*Prompt*
Restate all of the following data exactly, keeping any images out of the copy.
Information shown: Begin
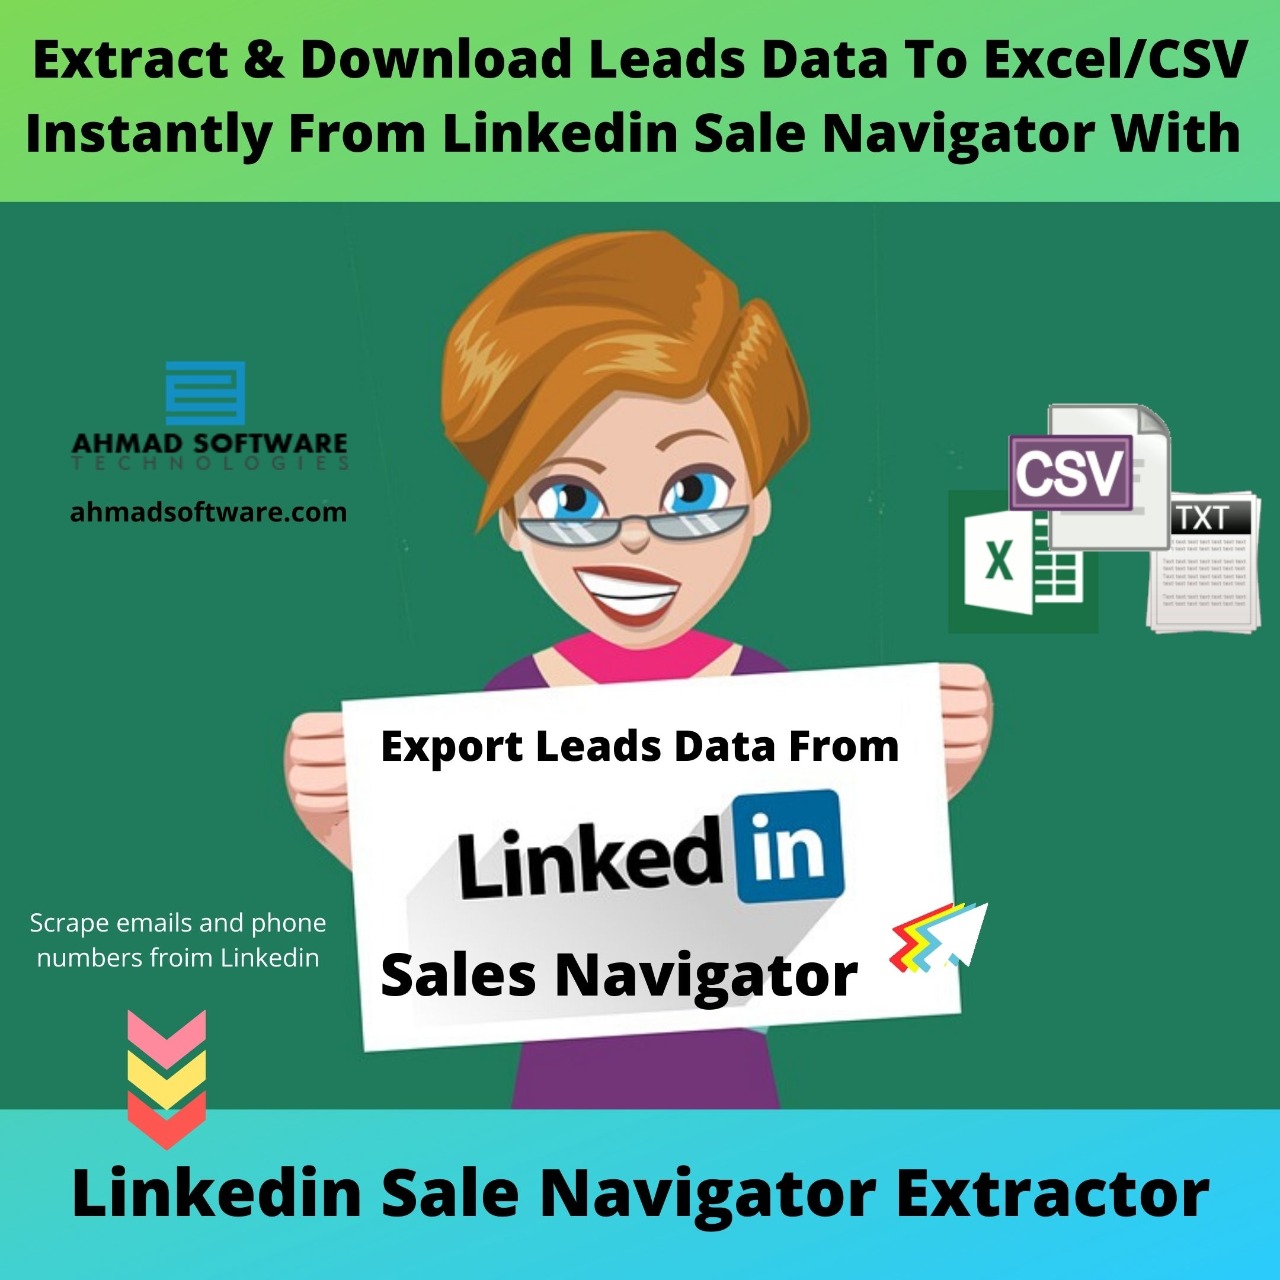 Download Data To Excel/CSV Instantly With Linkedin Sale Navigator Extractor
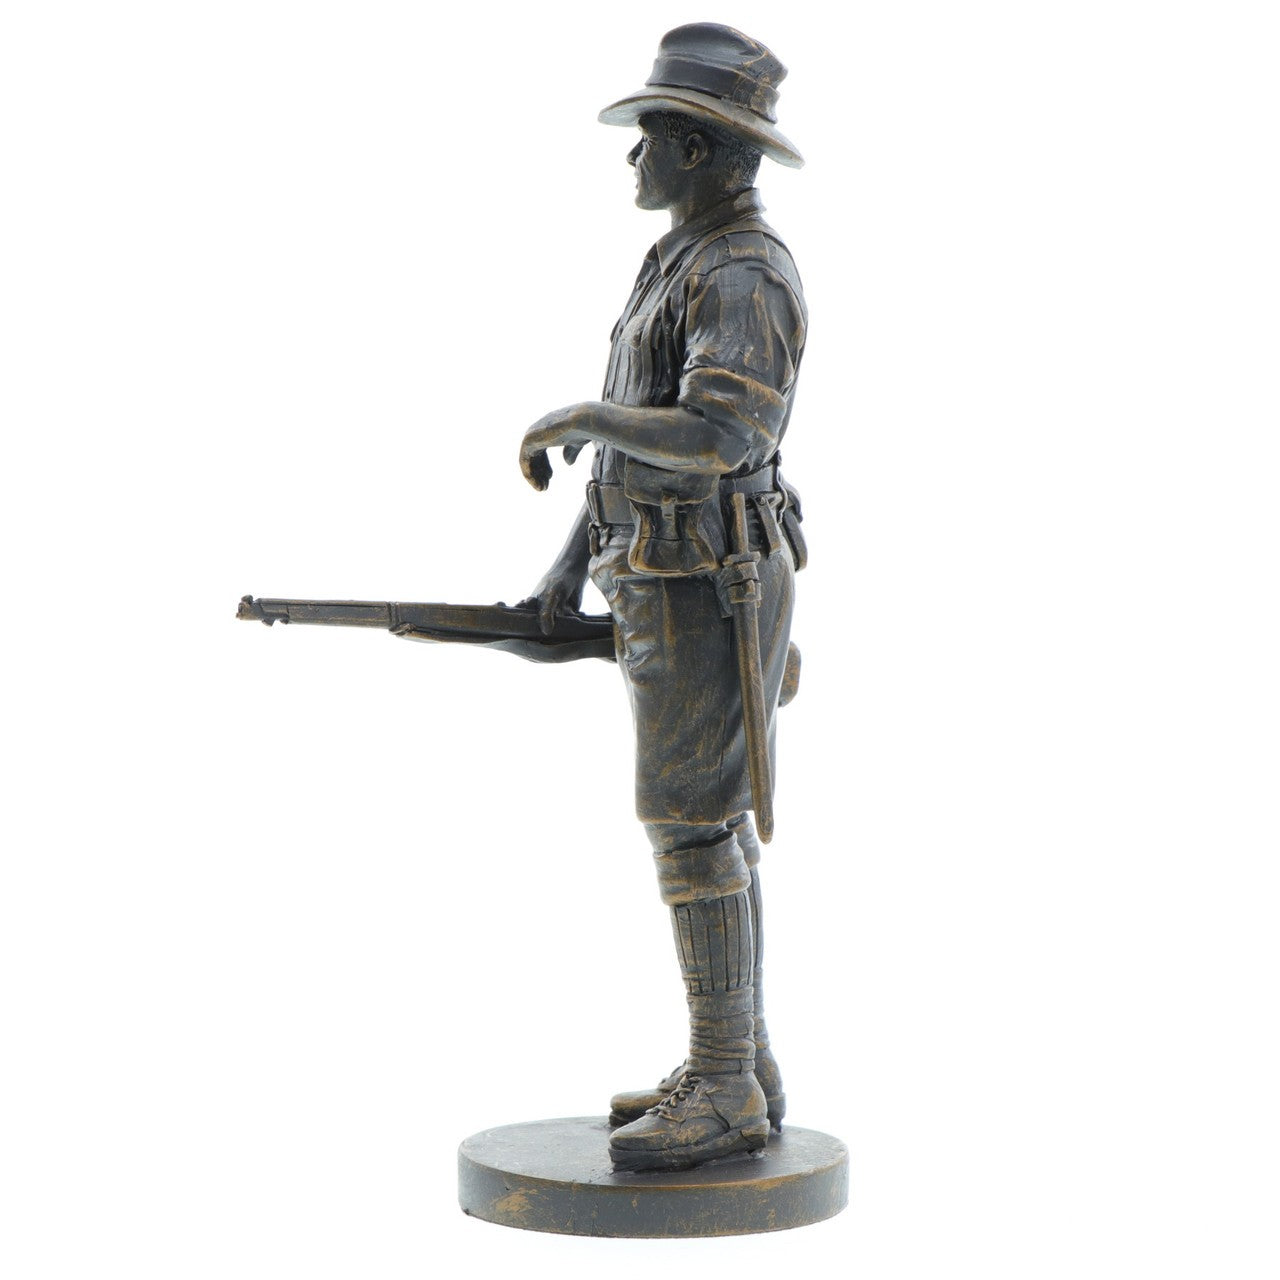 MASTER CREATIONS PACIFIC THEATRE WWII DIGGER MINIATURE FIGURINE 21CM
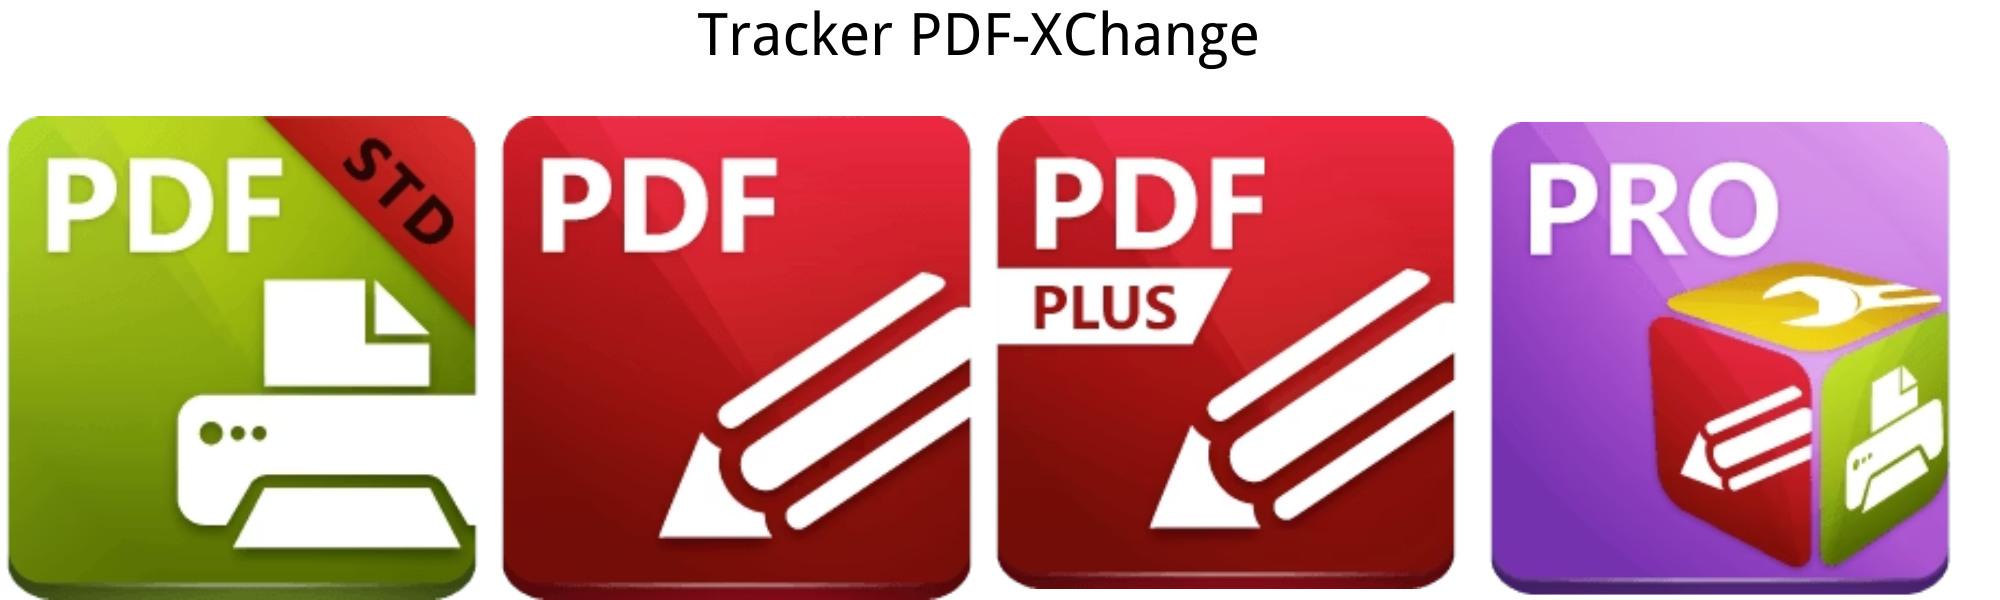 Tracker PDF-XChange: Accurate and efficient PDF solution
Information shown: End
*Response to the task*
 Download Data To Excel/CSV Instantly With Linkedin Sale Navigator Extractor
 MASTER CREATIONS PACIFIC THEATRE WWII DIGGER MINIATURE FIGURINE 21CM
 Tracker PDF-XChange: Accurate and efficient PDF solution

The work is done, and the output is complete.